Combatting the insanity of the throw-away culture | Sunday Observer
“Out of Garbage / Waste to dress”

Combatting the insanity of the throw-away culture

8 January, 2023

Despite the fact that discarded plastic and waste is finding its way into wardrobes around the world thanks to a rise in the number of environment-conscious fashion designers using material made from recycled ocean waste, still millions of tons of plastic end up in the sea each year and cannot be recycled in the usual way.

Many international brands are increasingly partnering with organizations which raise awareness of the destructive effect of ocean plastics and sourcing materials that regenerate and transform ocean waste into sustainable materials.

“Out of Garbage” is one such creative attempt initiated recently by One World Foundation focusing on utilizing garbage and residue for fanciful fashion purposes, thereby bringing a subject to the catwalk that makes us conscious of the fact that every individual can contribute with his or her lifestyle, habits and attitudes to combat the insanity of our throw-away culture.

The One World Foundation is known for its creative initiatives that promotes cultural exchange and mutual understanding across borders and “Out of Garbage” is one such bold effort in collaboration with the Austrian designers Bettina Reichl, Steffen Pirkl and Xiane Kangela.

Material from the beach

The project took place at the One World Foundation free education unit and dozens of women of the tailoring school benefited from the project. In late November last year, Bettina Reichl and Steffen Pirkl came down to Sri Lanka on the invitation made by One World Foundation and with the 20 women of the women’s cooperative and their teachers looked for interesting materials at the Ahungalla beach for weeks. They were able to collect many kilos of plastic bags, cups, drinking straws, fast food packaging, nets, aluminum cans, bottles and various other natural materials.

“We divided ourselves into five groups and collected and sorted natural materials, plastic, metal, ocean plastic and factory leftovers. I guided them to their first experience and they understood the different nature of each type of material and created surfaces by investigating technical implementation. Thereafter, students started to create their individual designs for dresses and it was an extremely fun and inspiring activity. They were able to come up with interesting designs from ironed banana leaves, hundreds of bottle caps, trashed aluminum cans, fishing nets and damaged zippers,” Bettina Reichl told the Sunday Observer.

It was Bettina’s first visit to Sri Lanka and she fell in love with the magical attraction of the beautiful island.

“I love its beautiful landscapes, spiritual people and manifold cultures. The intense power of nature teaches you respect and leads easily to the recognition of unity with all beings. Many oceanic animals are harmed by thrown away plastics: Fish, turtles, sea birds and whales are entangled in bags or mistake small plastic items as food, but also animals on land, which eat straw ball nettings or plastics from garbage heaps,” Bettina added.

Safer world for animals

Her work “Out of Garbage / Waste to dress” she dedicated to her beloved cat, which died through a hormonal disease caused by substances coming out of plastics. Bettina strongly believes and her creativity focuses more on creating a safer world for animals. “It is in our responsibility to protect the beauty of Planet Earth and the wellbeing of all creatures,” she added.

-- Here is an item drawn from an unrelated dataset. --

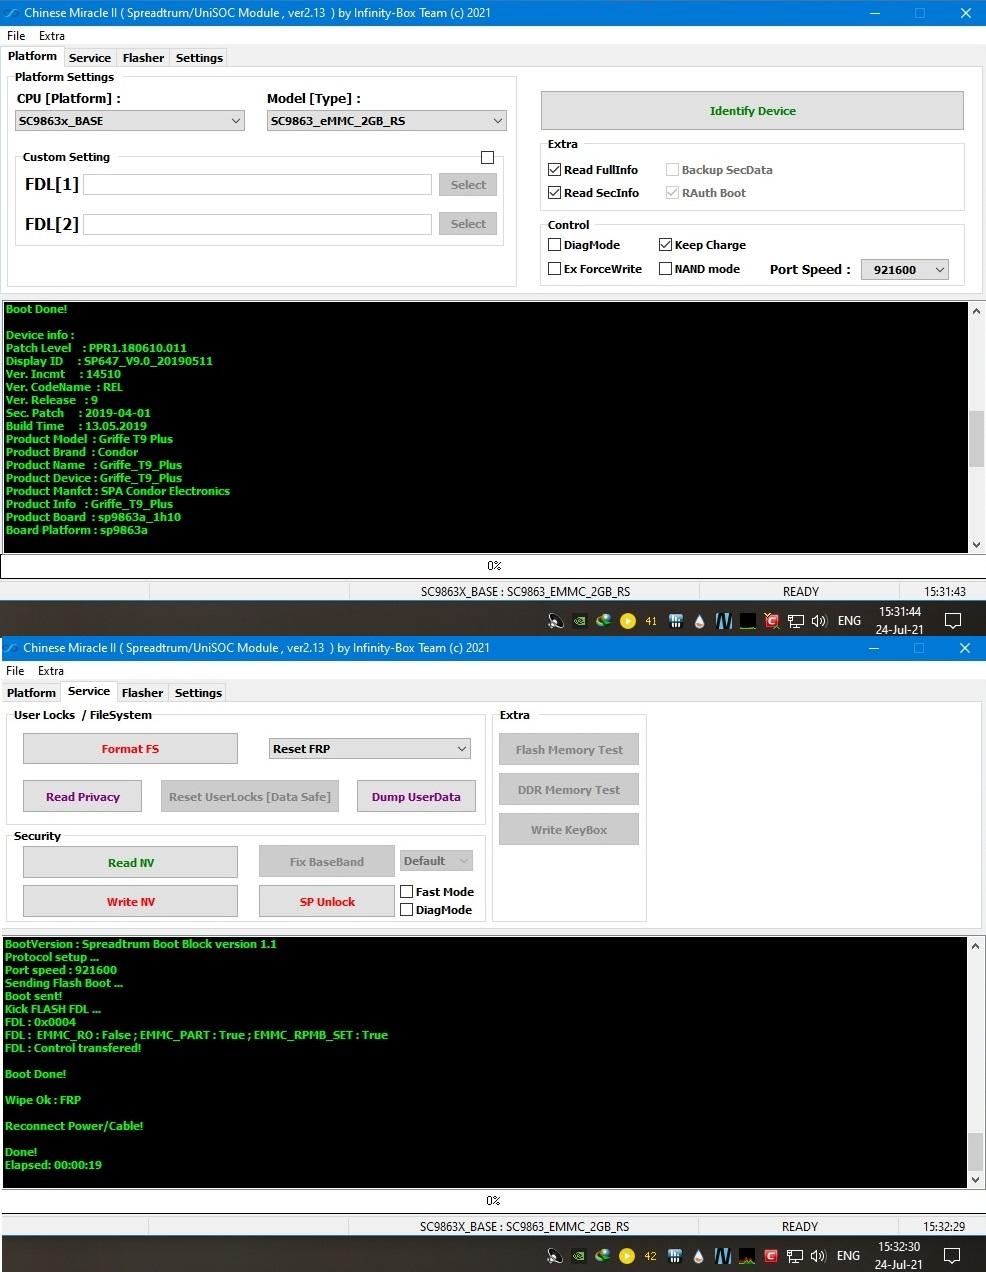 شرح تصليح البوت (Boot Repair) لـSamsung Galaxy S4 I9500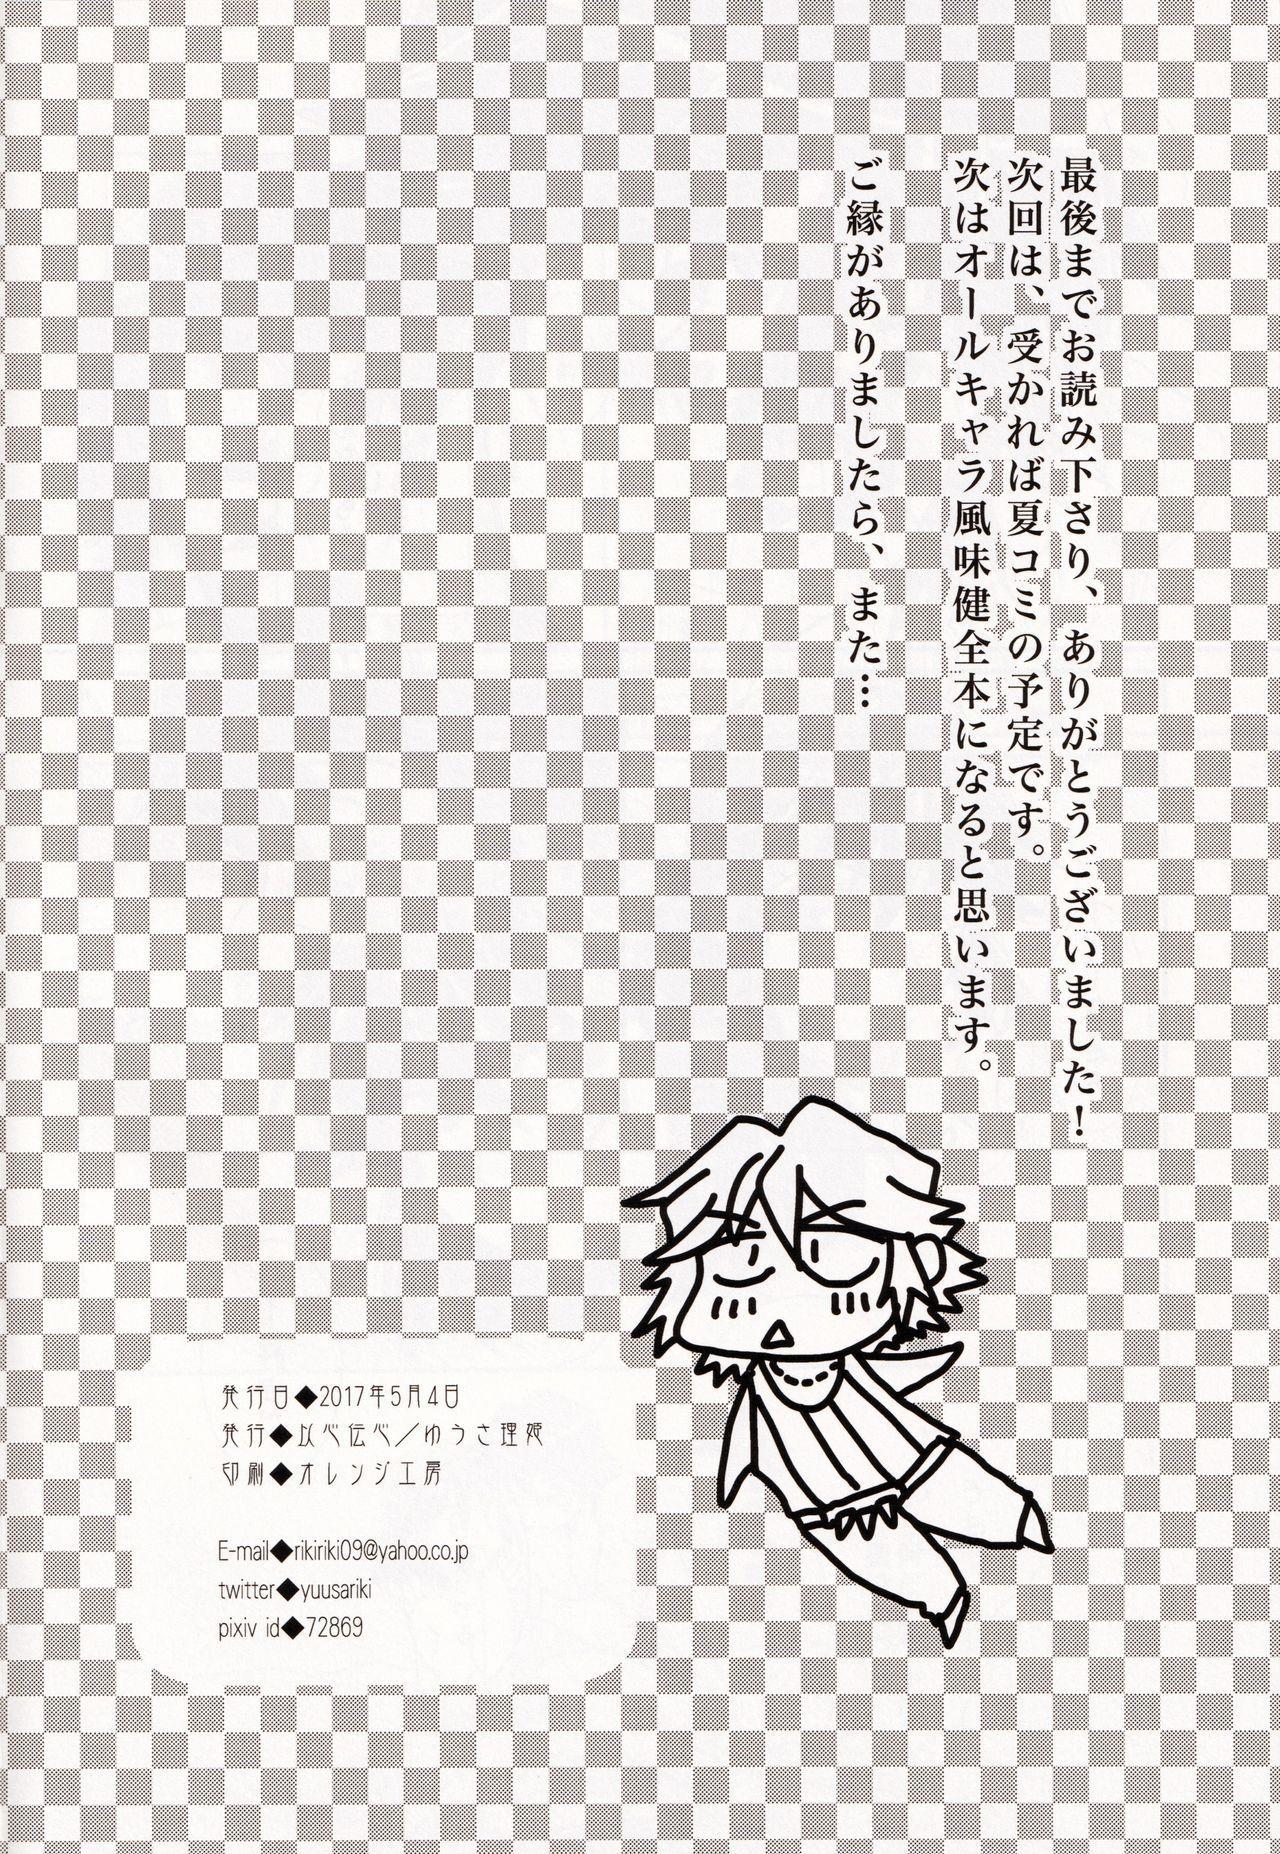 (SUPER26) [Ishin Denshin (Yuusa Riki)] Ore no Kanojo (Kari) ga Otokomae Sugite Mou Horeru shika Nai. (Kill la Kill) 29

The “Out of Garbage” project initially was initiated in 2020 which didn’t come to light due to the Covid pandemic. The initiators had to interrupt the project and wait until things were normal.

“Due to the corona crisis schools also closed in Sri Lanka and we had to interrupt our project. We thank photographer Sasindu Pramuditha and our model Methuli Thesara Wijesekara for their spontaneous availability for a photo shoot to document the first finished costumes made of leaves, plastic bags, cellulose and plastic nets, plastic bottles, aluminum cans and plastic straws.

“However, we were able to complete the project recently and were able to display the talents and creativity of the tailoring school students at the fashion show last week at the One World Foundation. We believe that with this creative endeavour we were able to inspire our consciousness and ability to communicate.

“Working together with creativity can serve to design a better future. Every individual can contribute with his or her lifestyle, habits and attitudes to combat the insanity of our throw-away culture. Out with plastic and back to nature. And every individual can contribute to a more human society. Out of the ego and back to unity of all mankind,” said Kathrin Messner, founder and director of One World Foundation.

Creative use

For many years the One World Foundation has been laying a focus on environmental protection awareness, supported as a cross-cutting theme at various levels: waste separation, collection of waste from beaches, special exam and essay topics as well as other initiatives at the free education unit. “Out of Garbage” goes far beyond creating awareness by showing techniques to upcycle the garbage materials and to make creative use of them.

“I am very happy and thankful about the wonderful fashion project from Bettina Reichl and Irma Denk at our Women’s Cooperation. One World Foundation is inspired by the concept of the Social Sculpture by artist Joseph Beuys. The question of how we shape the world in which we live is one of the most relevant questions of our times,” Kathrin further added.

“Out of Garbage” is a sensible project that exhibited one way of how we can make use of our creativity for positive change, and the project is also a strong contributor to the programs of One World foundation which aims at female empowerment.